▸ Source data
#####
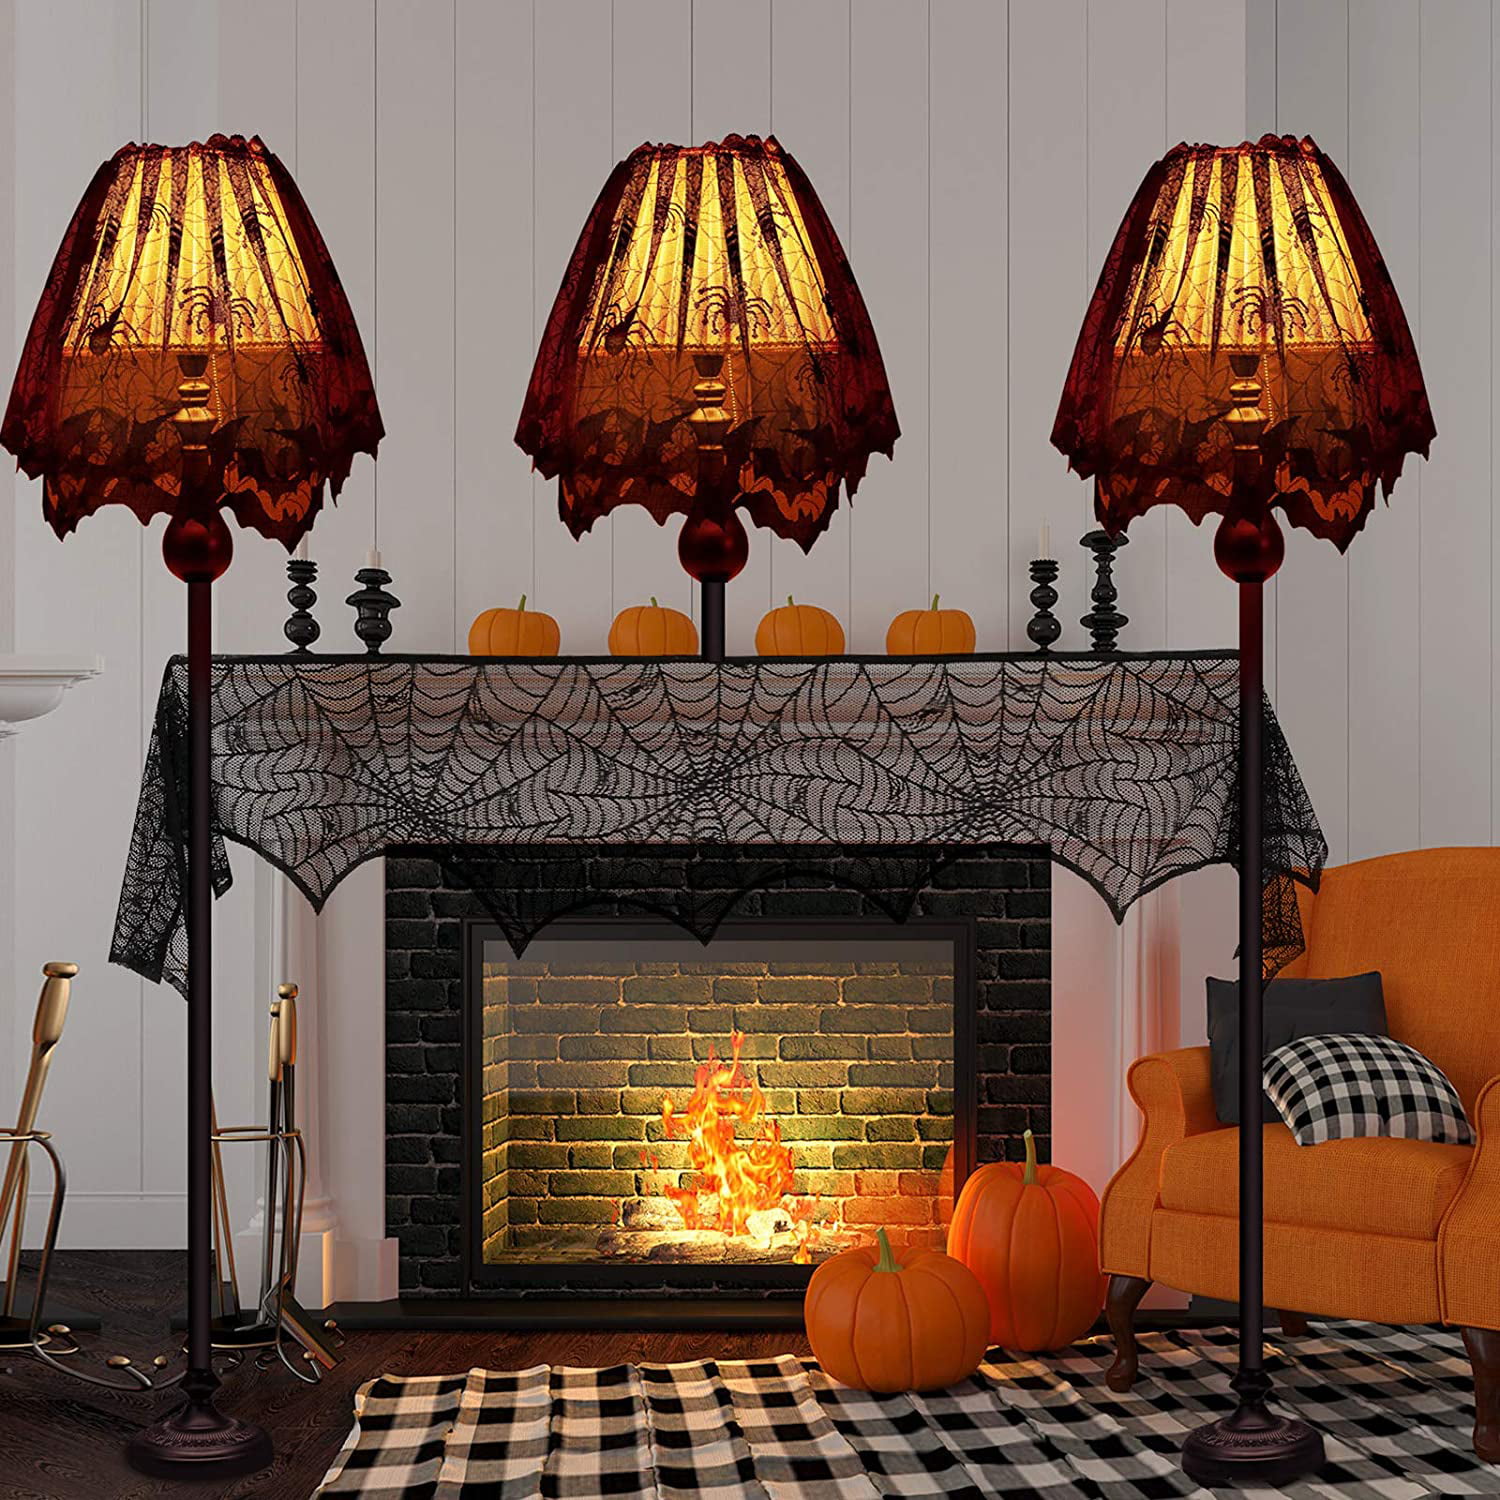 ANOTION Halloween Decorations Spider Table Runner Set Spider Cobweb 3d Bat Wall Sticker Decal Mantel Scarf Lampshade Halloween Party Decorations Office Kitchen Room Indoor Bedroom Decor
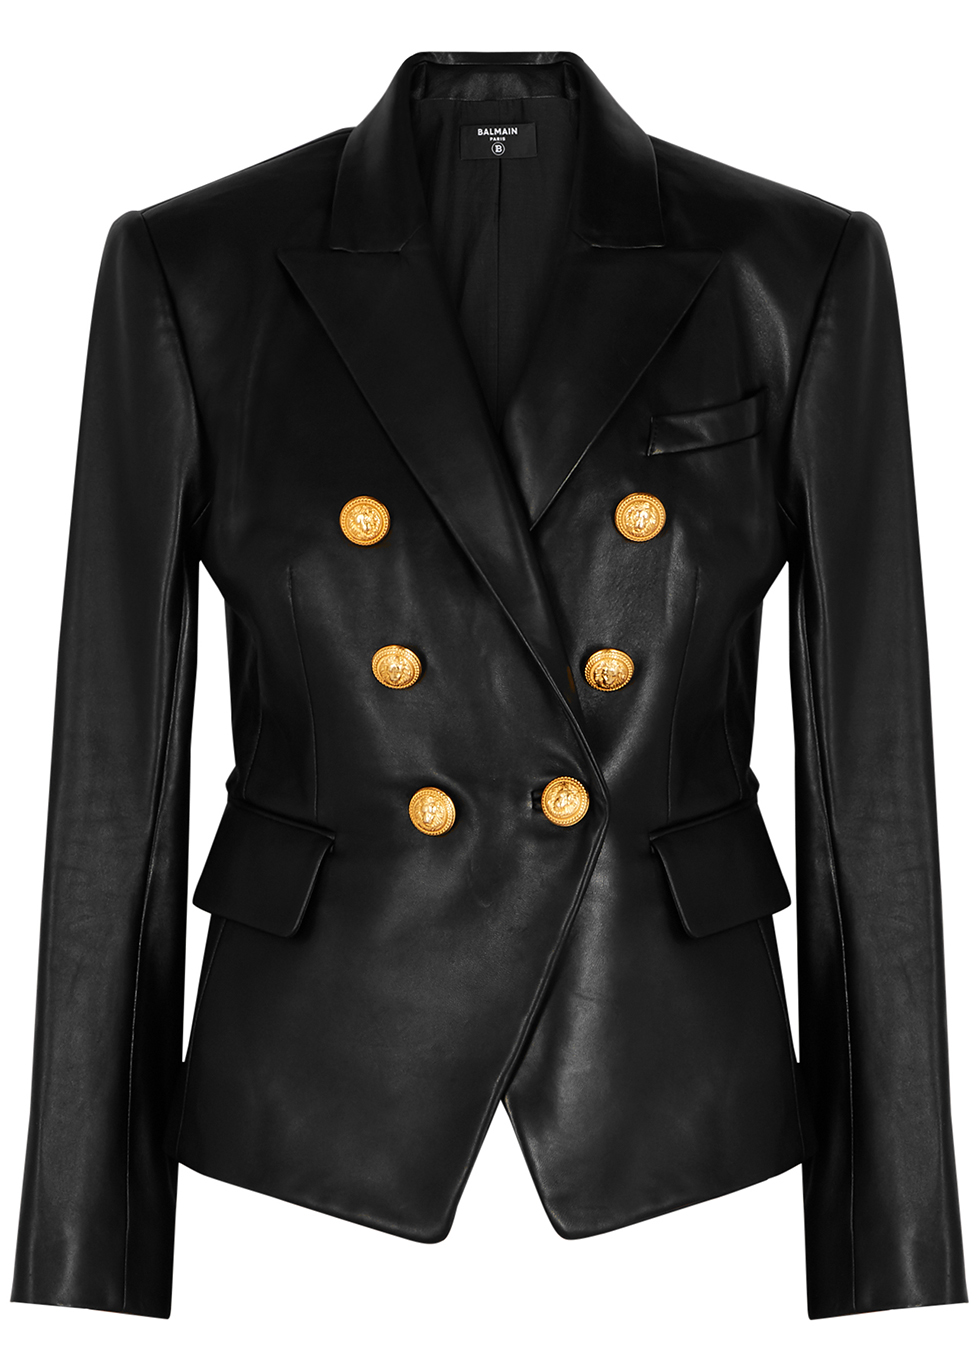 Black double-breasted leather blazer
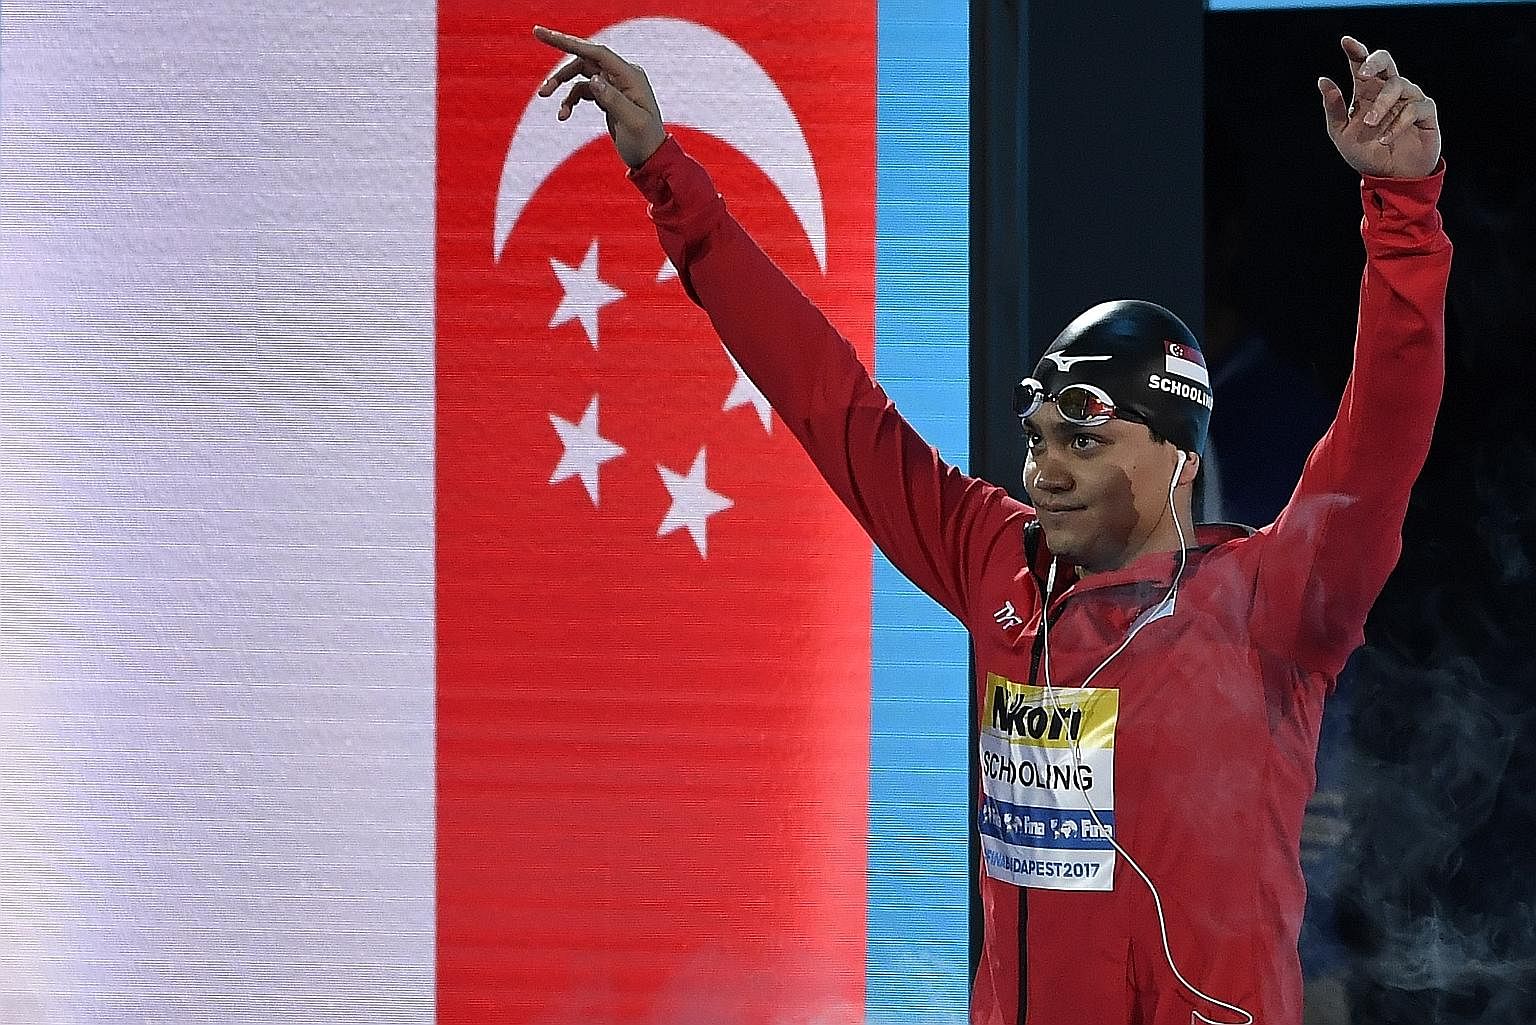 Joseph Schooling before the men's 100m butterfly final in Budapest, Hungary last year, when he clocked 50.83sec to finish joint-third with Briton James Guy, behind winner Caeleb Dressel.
#####
▸ What you will do
Starting at the first line of the material, output exactly the lines up to and including the one with "Black double-breasted leather blazer". Do not include the pictures.

▸ Exercise solution
 ANOTION Halloween Decorations Spider Table Runner Set Spider Cobweb 3d Bat Wall Sticker Decal Mantel Scarf Lampshade Halloween Party Decorations Office Kitchen Room Indoor Bedroom Decor
 Black double-breasted leather blazer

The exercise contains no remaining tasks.